In a recent meeting, D Bhattacharya, managing director of Hindalco Industries, one of India’s largest primary copper producers, had warned of supply-side concerns through the falling grade of copper in major mines, including Escondida, Collahuasi and Kennecott. Consequently, Goldman Sachs Group Inc forecast a 300,000-tonne copper supply deficit in 2011. Goldman analyst Fawzi Hanano had said, “On aggregate, third-quarter copper production missed our estimates by three per cent and was down 15 per cent year-on-year and eight per cent quarter-on-quarter.”

Overall, this was a relief rally offered on the two-year euro zone sovereign debt crisis, said Naveen Mathur, associate director, Angel Broking. “We believe the bleak outlook which was shadowing the European economy and affecting the entire base metal complex is muted,” he said.

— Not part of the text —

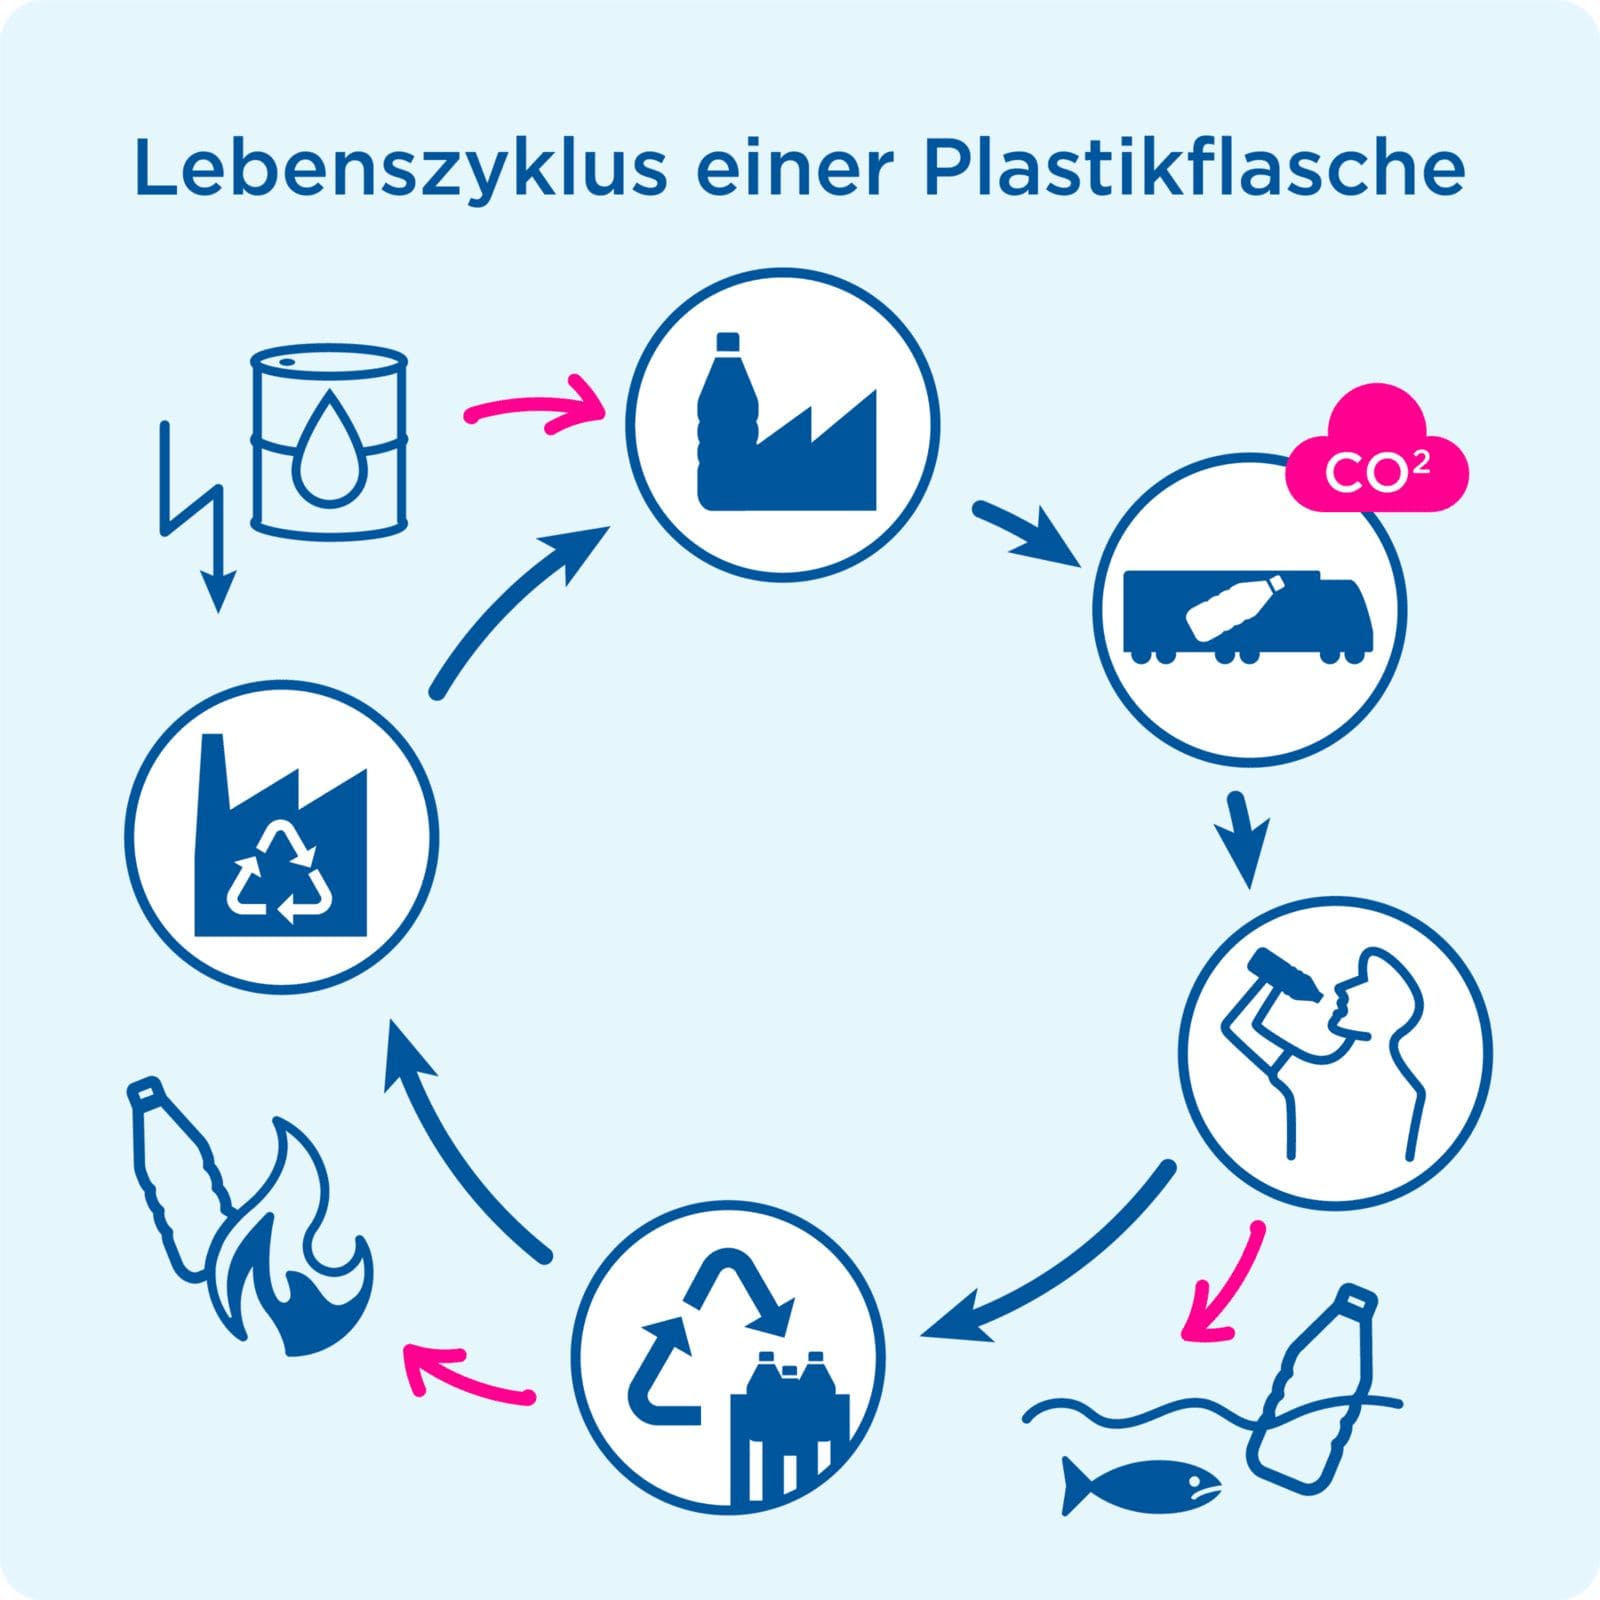 Lebenszyklus einer Plastikflasche

The European region has been struggling to cope with the ongoing economic slowdown. It is the distribution of the financial package which would be interesting to see. For now, half is proposed to be used for debt loss and restructuring and the rest for writing off banks’ losses. Leaders are expected to come out with the details next month.

The government of Japan is actively working on rebuilding its infrastructure, damaged by the tsunami. Apart from that, the positive US data may be temporary. Hence, developments in the next two months are set to decide the movement in base metals. The economic revival in the euro zone are likely to weaken the dollar against major global currencies, including the euro. This may help raise confidence in other asset classes, including base and precious metals.

According to Gnanasekar Thiagarajan, director, Commtrendz Research, the current economic support will translate into higher demand of base metals and, hence, prices.